Increasingly, the idea that slavery caused the war became an impediment to the goal of
reconciliation. The African-American presence before, during, and after the war was hence
deemphasised to the point that it was destroyed. As The Christian Recorder observed in 1890, ‘The
poetry of the “Blue and the Gray” [Union and Confederate] is much more acceptable than the song
of the black and the white’. Underneath the celebrated feelings of reconciliation, therefore, existed
the preservation of a new ‘post-slavery’ white-supremacy. Southern states were free to pass a series
of ‘Black Codes’ that made African-Americans, as W.E.B Du Bois put it, “slaves in everything but
name.” Following Lincoln’s assassination in 1865, his vice-president and the man who succeeded
him as president, Andrew Johnson, wrote to the Missouri Governor that “this is a country for white
men, and by God, as long as I am President, it shall be a government for white men.“
Slavery was banished from the war’s causation and written out of American memory. The 1913
reunion at Gettysburg—50 years after the famous battle—provides an appropriate summary. At the
racially segregated event, which also happened to be held on ‘Independence Day’, President
Woodrow Wilson announced: “We have found one another again as brothers and comrades, in arms,
enemies no longer, generous friends rather, our battles long past, the quarrel forgotten—except that
we shall not forget the splendid valour, the manly devotion of the men then arrayed against one
another, now grasping hands and smiling into each other’s eyes.” Perhaps this was moment the
American Civil War really ended—with handshakes, smiles and segregation. Once the 1913 reunion
was over the African-American run paper Washington Bee pointedly asked of the organisers, ‘A
reunion of whom?’. Such a question demonstrates how fundamentally at odds black memories
were with the national reunion.
As America entered the 20th century, with white-supremacy reimagined as ‘Jim Crow’ politics, the
African-American community faced decisions over just how to compete for its place in America’s
collective memory. In 1963, James Baldwin optimistically wrote that ‘the American Negro has the
great advantage of having never believed that collection of myths to which white Americans cling’.
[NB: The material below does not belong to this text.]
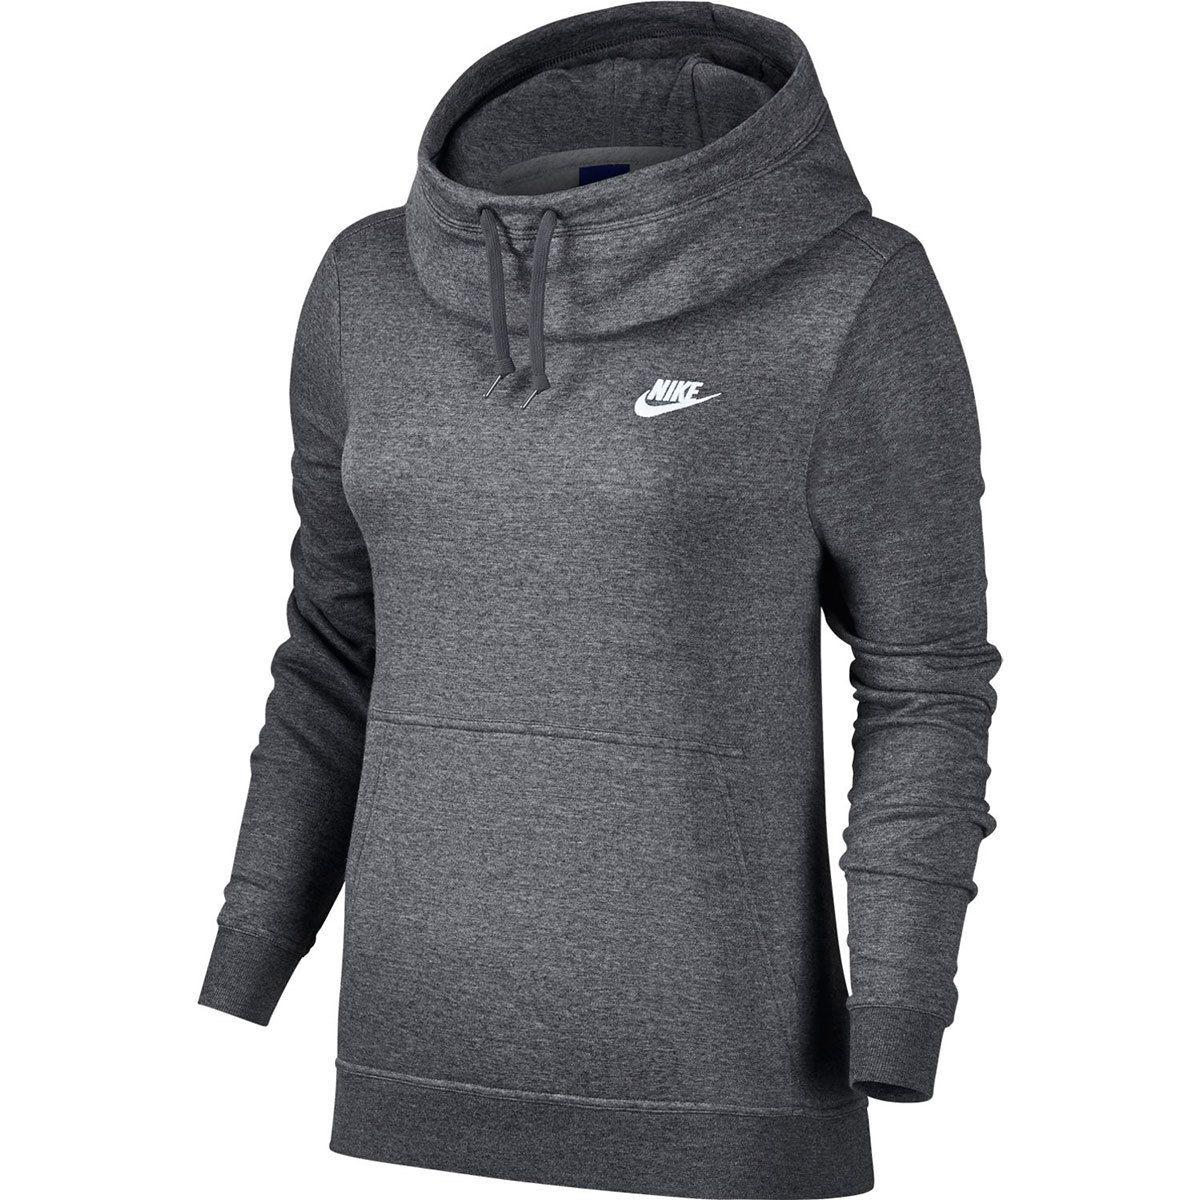 Nike Women S Nsw Fleece Funnel Neck Pullover Hoodie Bob S Stores Funnel Neck Hoodie Nike Sportswear Women Sportswear Women [ 1200 x 1200 Pixel ]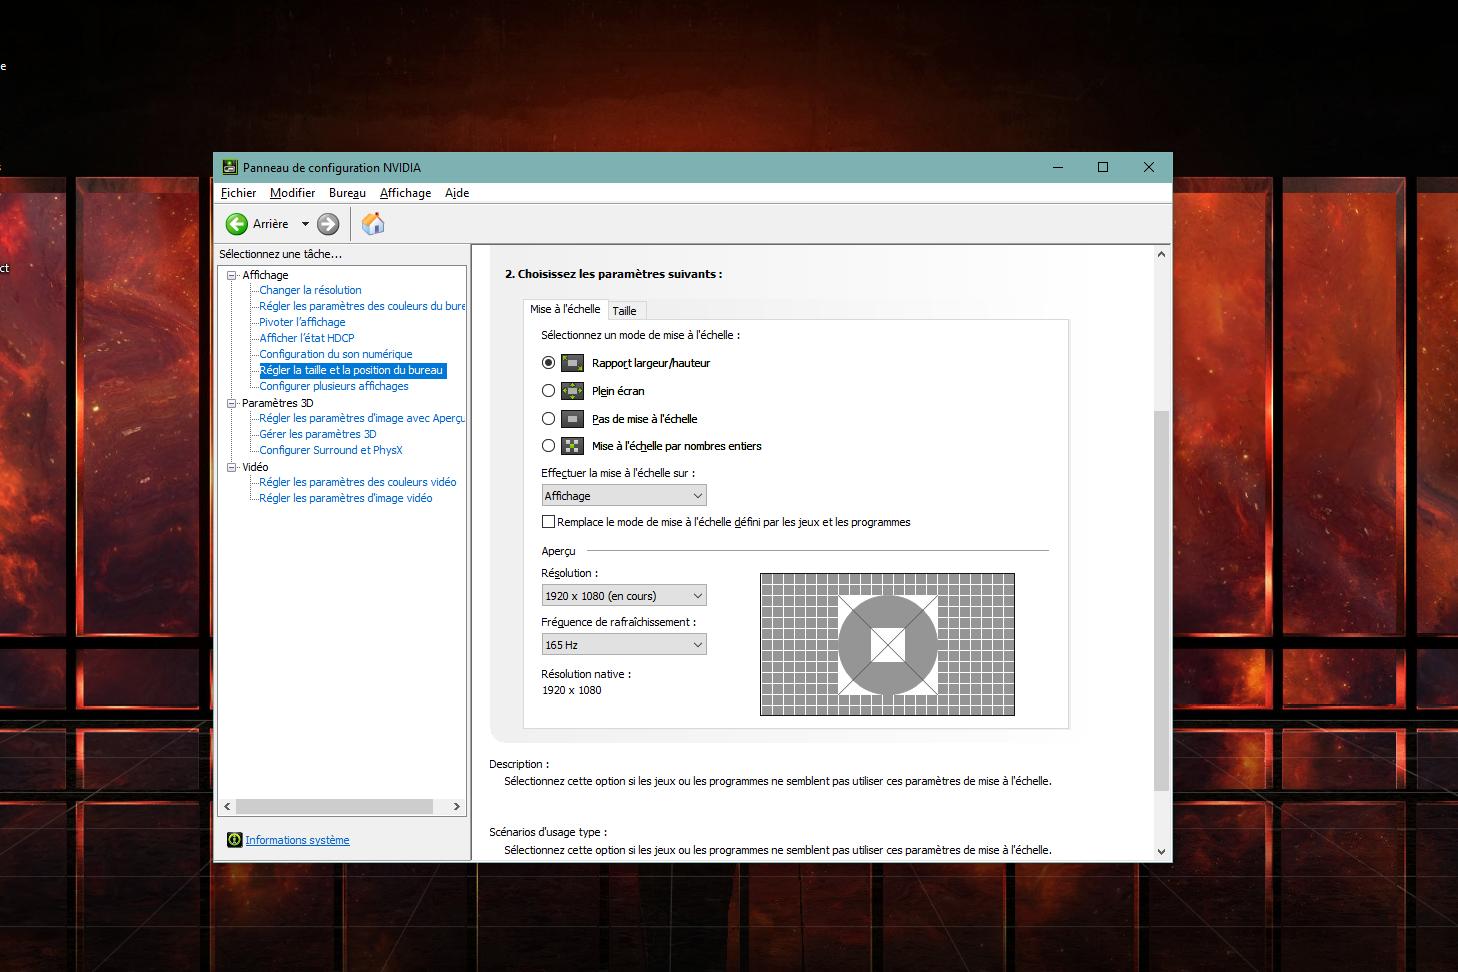 DesktopScreenshot2021.02.19-00.37.07.292.png

But to deny America’s historical myths is to deny America itself. How should African-Americans,
therefore, approach history? Should they remember their past or America’s invented ones? Should
they simply not look back?
Robert Penn Warren in his Legacy of the Civil War (1961) wrote, ‘somewhere in their bones’, most
Americans have a storehouse of ‘lessons’ drawn from the Civil War. Exactly what those lessons
are, and who determines them, was shaped directly by the decisions made in the decades following
the conflict. In America today the myth of Robert E. Lee is still immensely appealing to both
northerners and southerners; ten U.S. Army bases are still named in honour of Confederate generals;
the Confederate battle flag still flies across America, including in official capacities; statues of
Confederates still litter the American landscape; and 48% of Americans believe Edward Pollard’s
lie that the Confederacy was concerned with ‘states rights’ not slavery. Lost Cause ideology
retains a powerful grip on American popular imagination.
Although African-Americans have ‘the great advantage’ of having never believed these myths, they
have the great disadvantage of being their victim. The attempts to preserve and perpetuate
Confederate culture help explain how America has struggled to disengage itself from its culture
of segregation. Given this, we must extend our understanding of how historical memories are made
and how the dual forces of forgetting and misremembering provide the basis for nationalist
histories. The fight against injustice may or may not involve tearing down statues, but it certainly
involves tearing down what those statues represent—the romanticisation and reverence of distant
men and unknown pasts. In this task, I am reminded of Langston Hughes:
O, let America be America again—
The land that never has been yet—
And yet must be—the land where every man is free.